Поначалу Эльвира Аркадьевна читала письмо громко и внятно, но чем дальше, тем голос ее и слова становились неразборчивей.
— Ты чего там, молишься, что ли? — грубовато спросил Ефим Ефимович.
Эльвира Аркадьевна вздрогнула, протянула мужу листок.
— «АНАТОЛИЙ! — начал он читать, посмотрел вопросительно на жену: это, мол, Тольке, не нам! Читай, читай! — попросила его взглядом Эльвира Аркадьевна. — АНАТОЛИЙ! — повторил Ефим Ефимович. — ПРИВЕЗЛА ТЕБЕ ПОДАРОК, КАК ОБЕЩАЛА. ЗОВУТ АНДРЮХОЙ. МНЕ ОН НЕ НУЖЕН. АВОСЬ ТЕБЕ ПРИГОДИТСЯ, КТО Я ТАКАЯ, ТЫ ЗНАЕШЬ. ИСКАТЬ МЕНЯ БЕСПОЛЕЗНО — ГДЕ ЖИЛА, УЖЕ НЕ ЖИВУ, ОТОВСЮДУ ВЫПИСАЛАСЬ, НЕ ДРЕЙФЬ! ОТ СЫНА ОТКАЗЫВАЮСЬ».
— Что за галиматья?! — Ефим Ефимович взглянул на Эльвиру Аркадьевну как бы с презрением, оттопырив полную нижнюю губу.
— Внук у тебя появился, вот что за галиматья! — торжественно-язвительно ответила Эльвира Аркадьевна. — Прямо в дом принесли, родненького!
— Где он?! Где этот мерзавец?! — как бы разом все осознав, налился яростью Ефим Ефимович.
— Кто — он?
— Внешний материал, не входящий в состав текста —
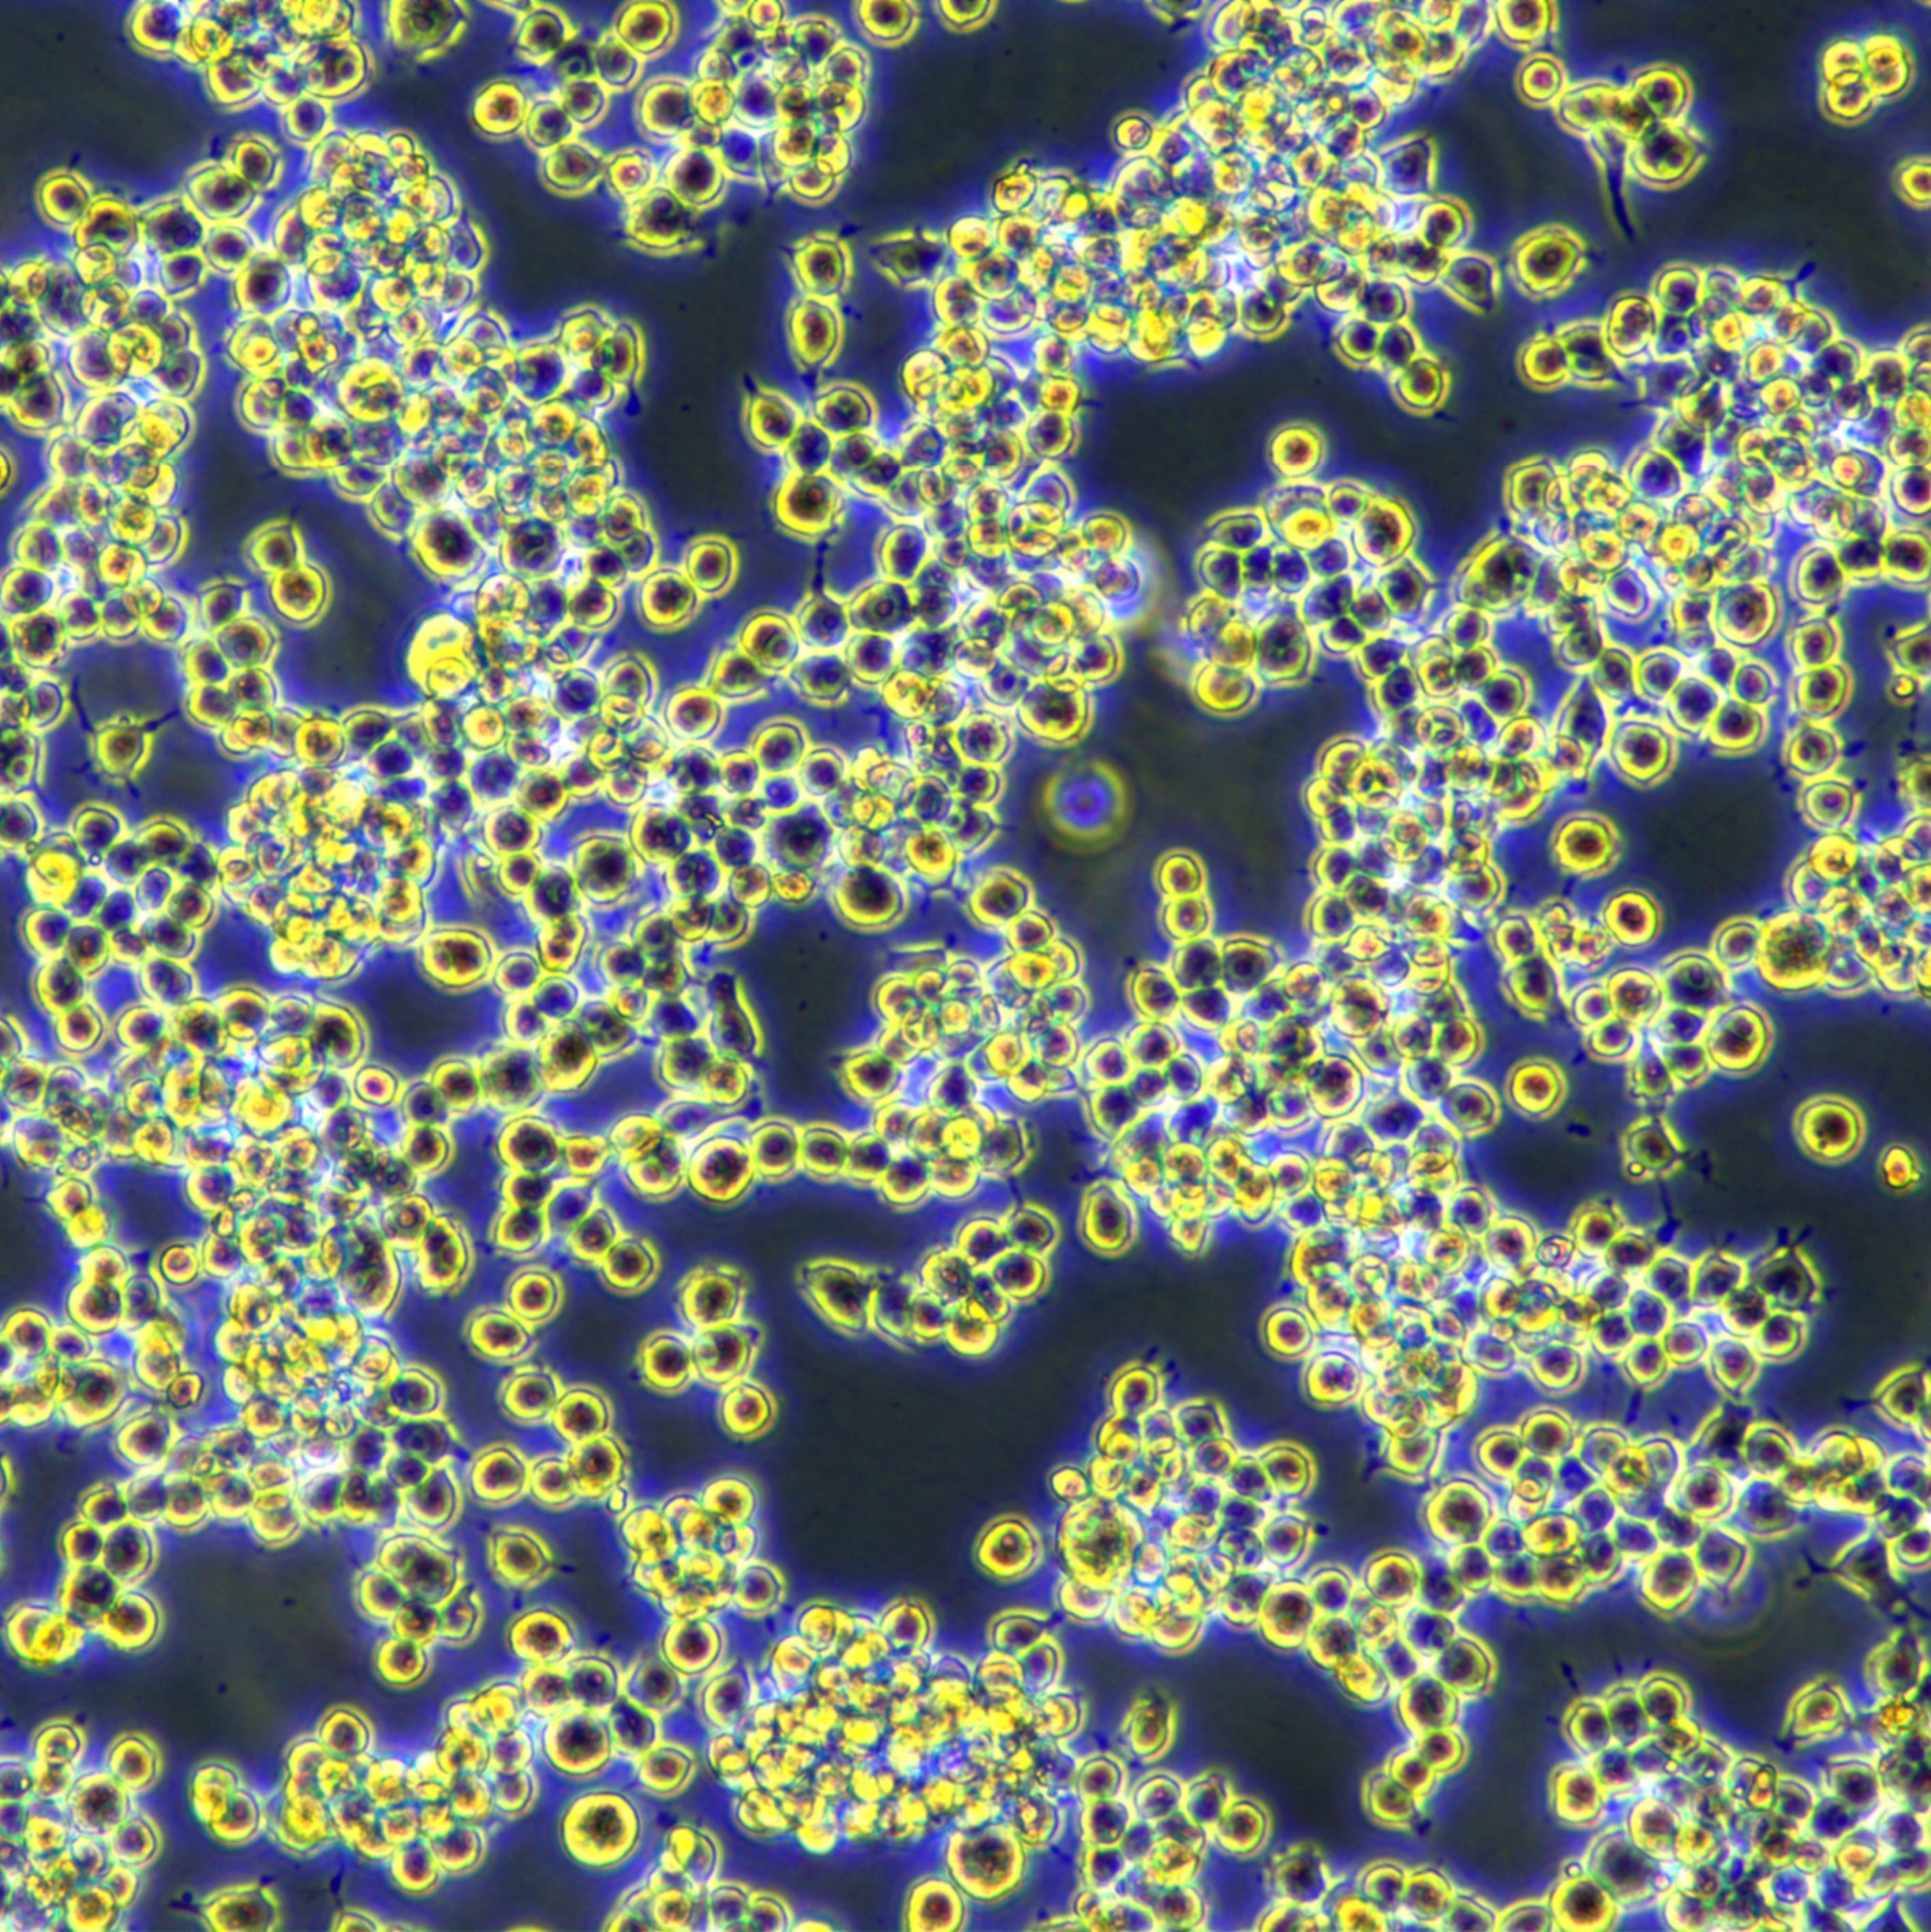 Raw264.7小鼠单核巨噬细胞白血病细胞

Ребенок или Анатолий? — Странное дело, Эльвира Аркадьевна еще находила в себе силы усмехаться. — Ребенок в комнате, а Анатолий — у тебя в кабинете.
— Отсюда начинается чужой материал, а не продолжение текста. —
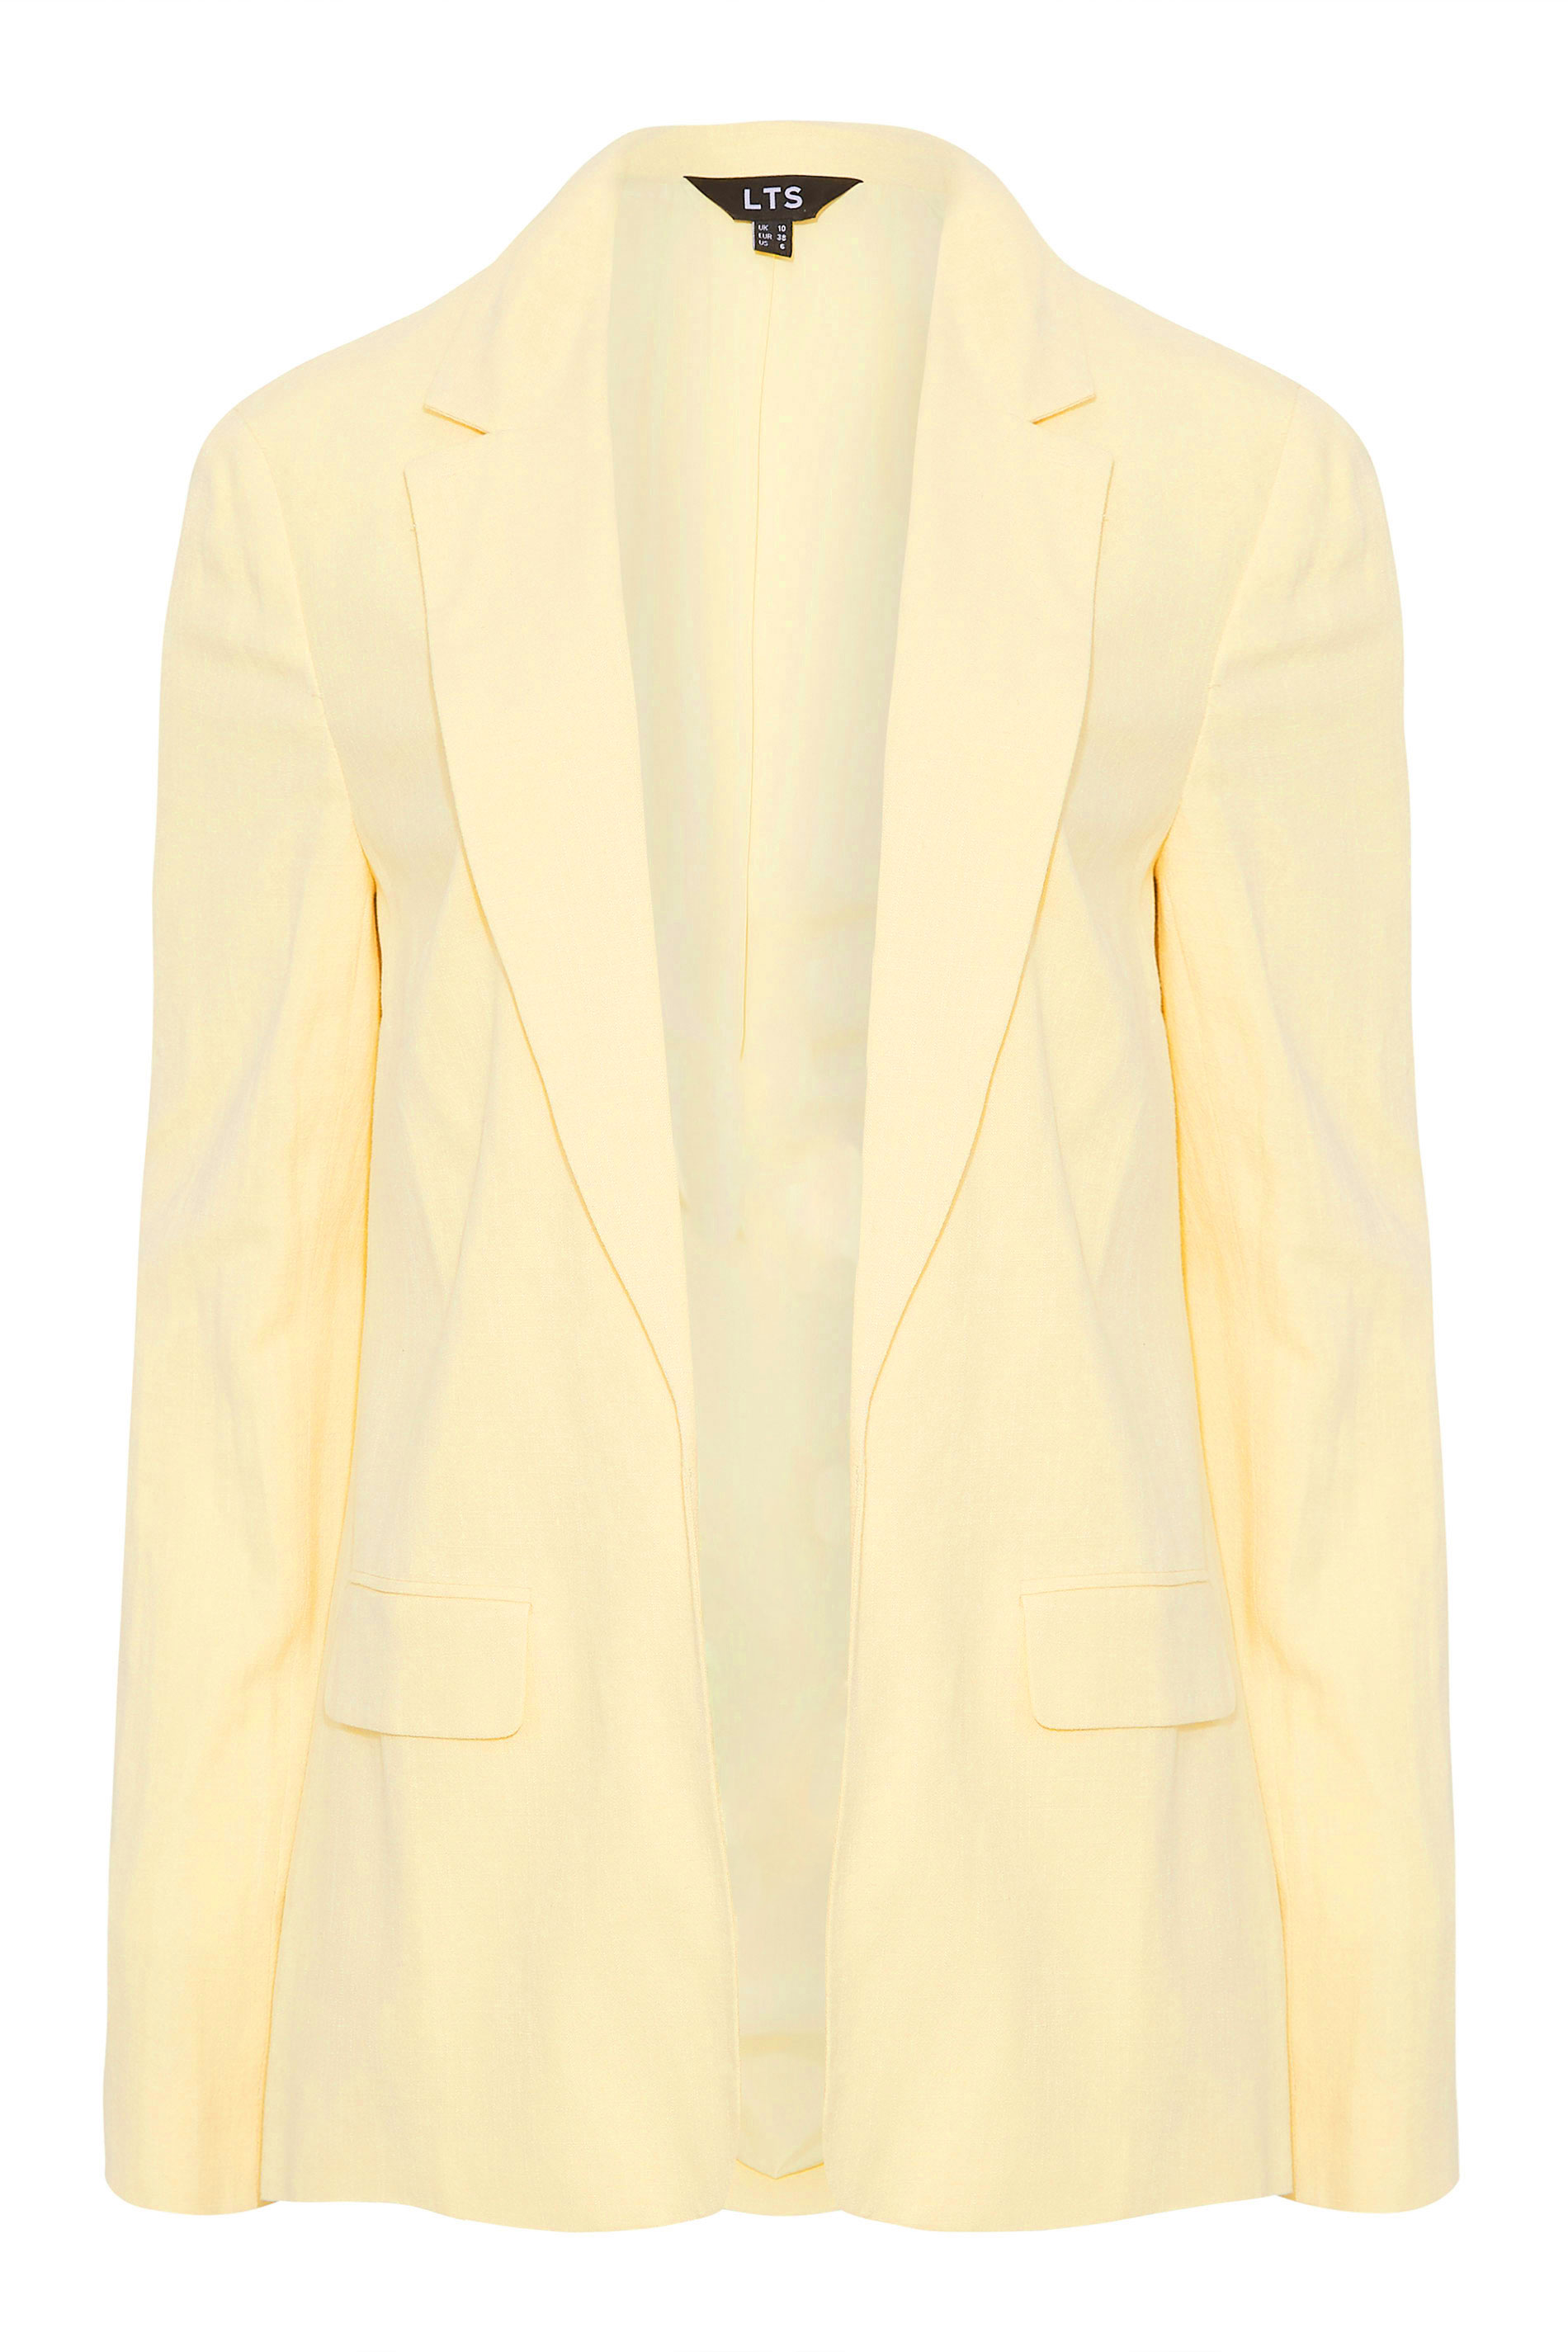 LTS Tall Women's Lemon Yellow Linen Blazer | Long Tall Sally  2

— Какой еще, к черту, ребенок… — И вдруг закричал: — Тапочки мои где?! Черт, где мои тапочки, никогда их нет на месте!
— Под носом у себя не видишь?! — снова торжественно-язвительно обронила Эльвира Аркадьевна. — Сколько тебе говорила: займись воспитанием сына, ему нужна мужская рука, все отмахивался… Теперь дожили — внуков на дом приносят!
— Я что, с баб его должен стаскивать?!
— Не кричи!
Бормоча проклятия, Ефим Ефимович направился в кабинет. Дернул дверь так, что чуть портьеры не слетели вместе с гардинами.
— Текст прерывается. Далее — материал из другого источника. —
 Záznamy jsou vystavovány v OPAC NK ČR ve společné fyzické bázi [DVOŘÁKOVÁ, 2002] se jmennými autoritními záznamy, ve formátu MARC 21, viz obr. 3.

— Заперся, кобель! — В лицо Анатолия полетело письмо. — Ну-ка, поделись с отцом, откуда эти цветы! — Голос Ефима Ефимовича привычно-начальственно грохотал. — Я тебя спрашиваю! Ну?!
Анатолий как ни в чем не бывало поднял письмо с пола, медленно и спокойно прочитал его.
— Обычный мелкий шантаж, — ответил презрительно. — Чего тут непонятного?
— А ребенок?!
— А он что — мой?
— А чей же?!
— Я откуда знаю…
…Скандал в доме продолжался до глубокой ночи.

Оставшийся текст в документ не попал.